A number of trailers fell off their foundations and there was substantial window breakage and grocery damage in the valley. Many stores closed temporarily to pick up merchandise and sweep aside broken glass.

A spokesman at the U.S. Naval Air Facility seven miles west of El Centro said there were “a couple of hairline cracks across our runway” and some damage to photographic and electronic equipment at a nearby bombing range. But, he added, it had no effect on operations.

A main Imperial Valley highway, California 86, was closed between Westmorland and El Centro because of damage, and California 98, paralleling the Mexican border, was closed at Ocotillo after the road buckled on an overpass at the junction of that highway and Interstate 8.

Authorities at the border crossing between Mexicali and Calexico ordered the U.S. entry station closed until a survey could be made of extensive damage inside the building.

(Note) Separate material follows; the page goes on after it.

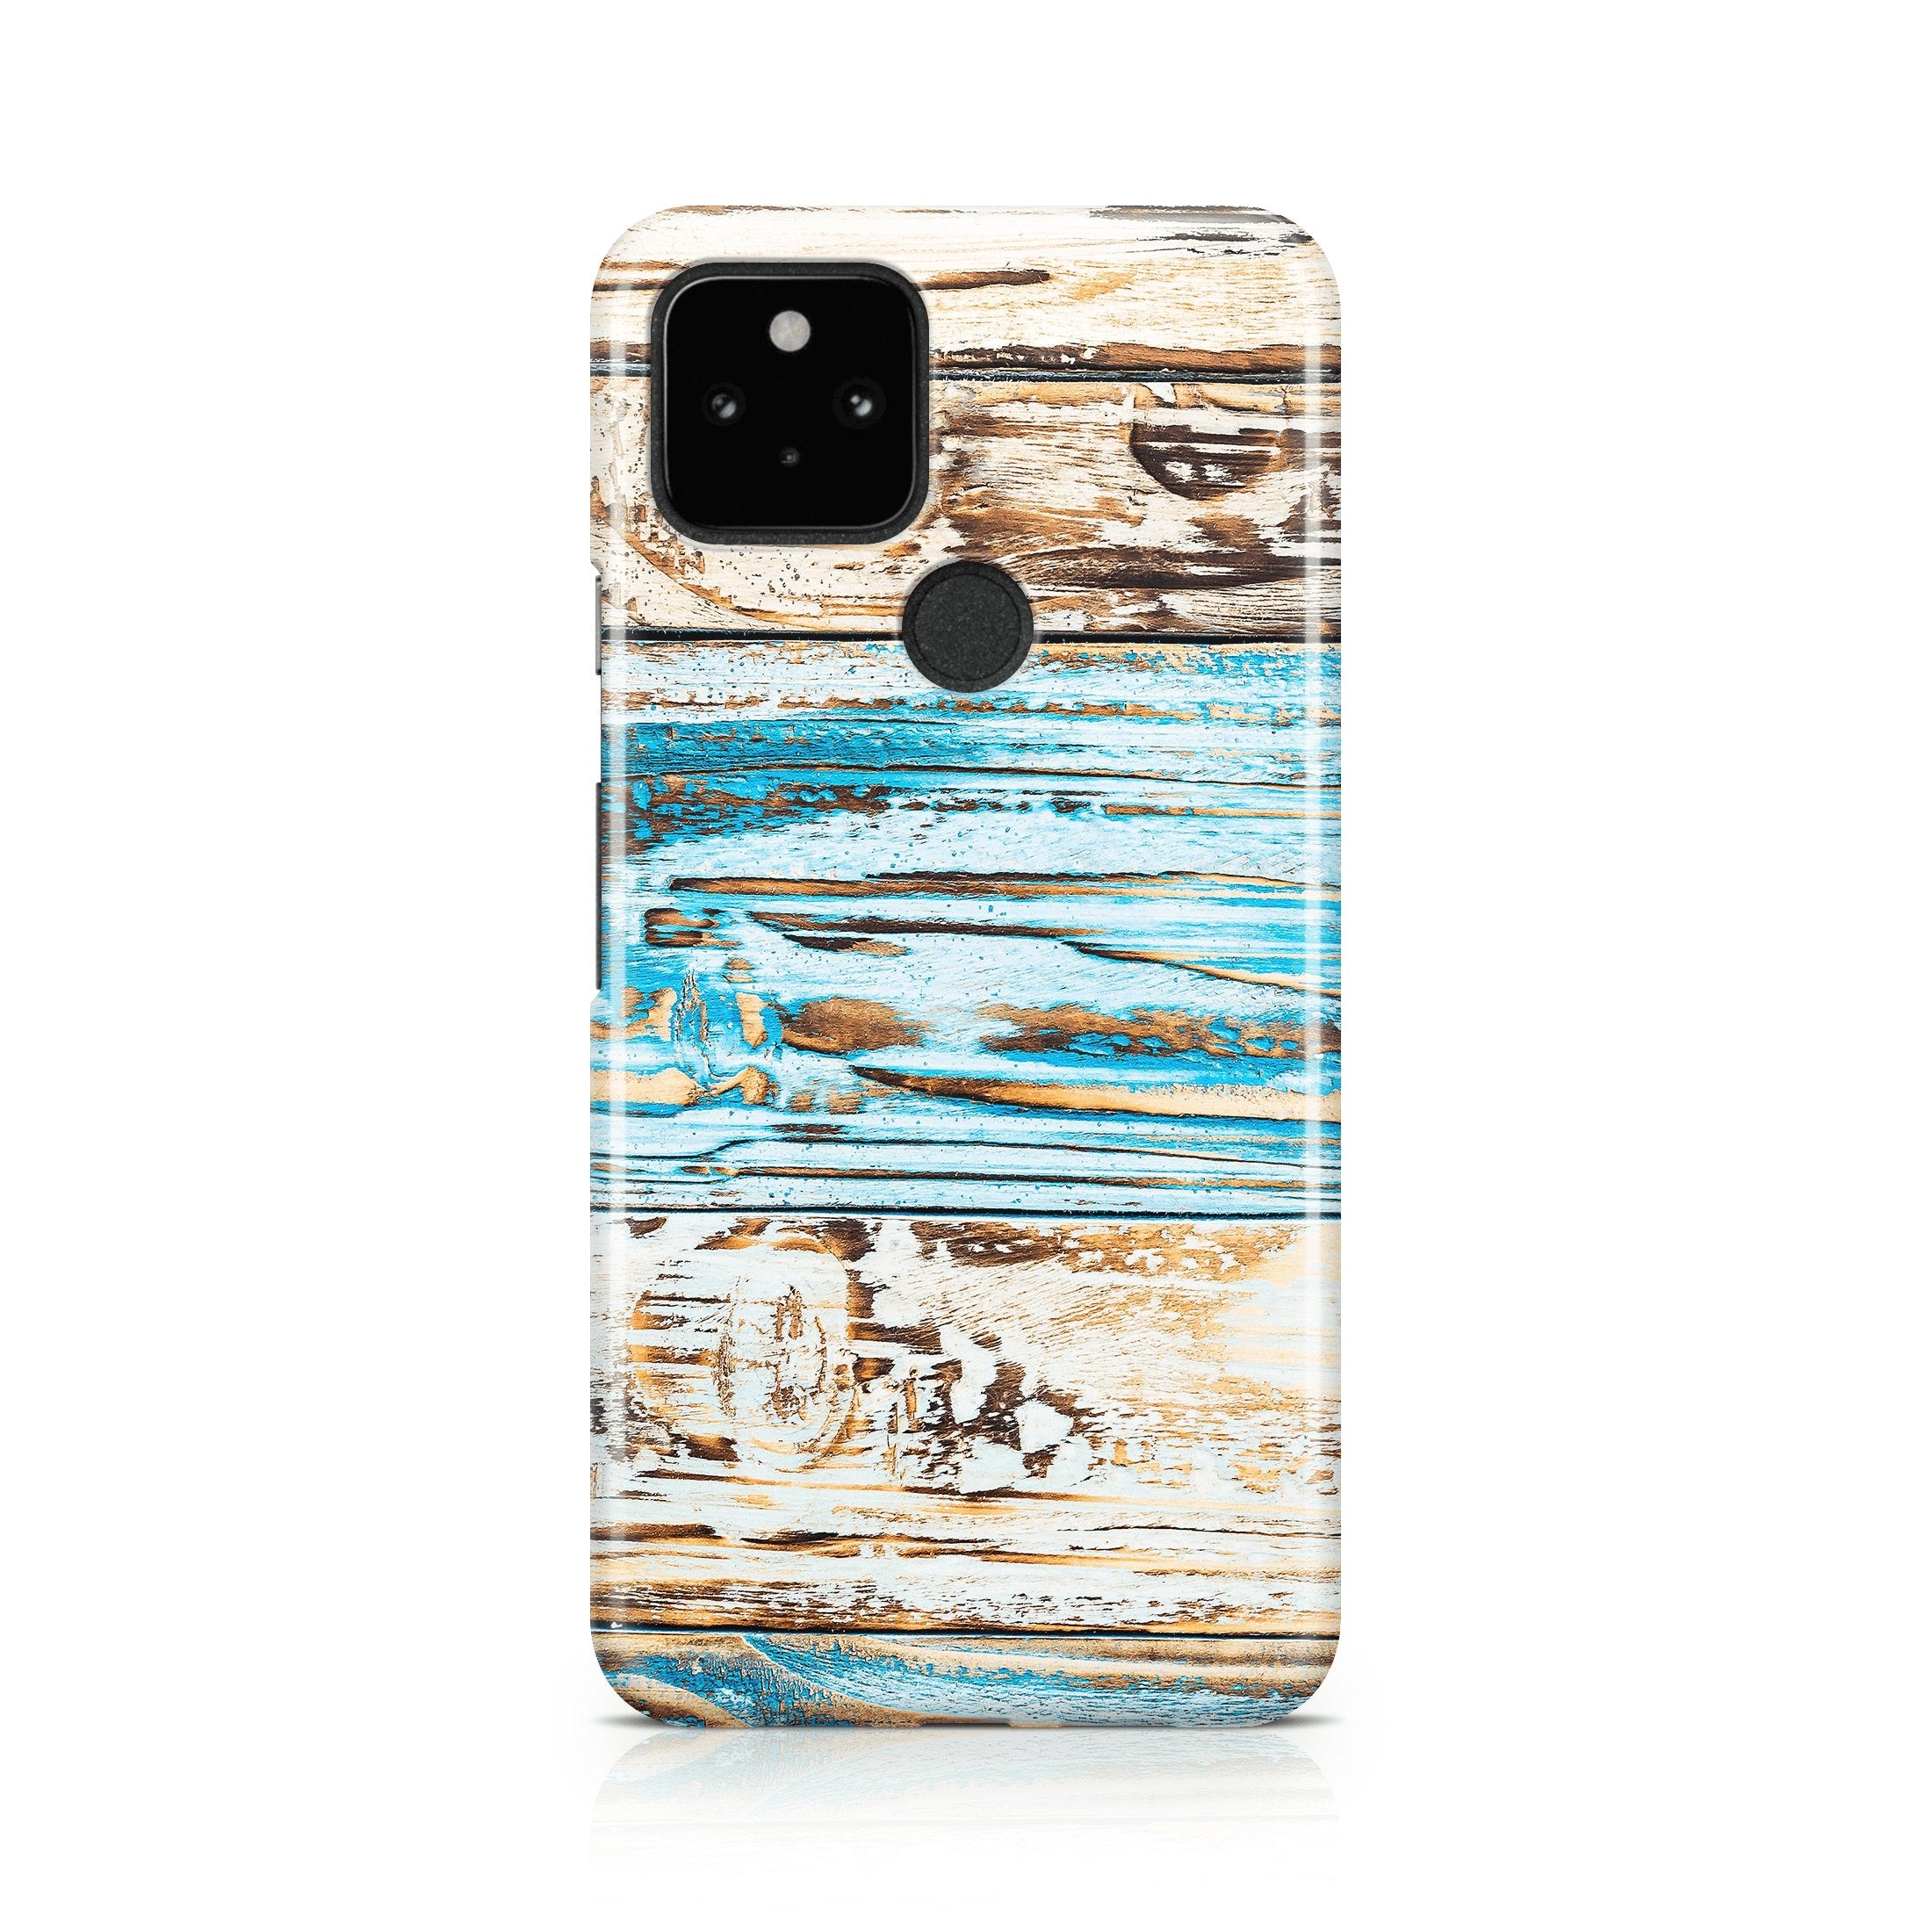 Scrapped Bluewash - Google phone case designs by CaseSwagger

“It just popped the whole building,” Immigration and Naturalization Service Supervisor Windle Roach said of the earthquake. “There was, bang, a whomp, and it startled everyone. The building was immediately cleared out. We’re not answering phones and we’re not going in until they tell us it’s safe.”

In downtown Calexico, which is on the U.S. side of the border, police headquarters called in its entire force to prevent looting. “We had a couple of people who tried to loot merchandise,” said officer B. Ramos. But, he said, they didn’t get away with anything.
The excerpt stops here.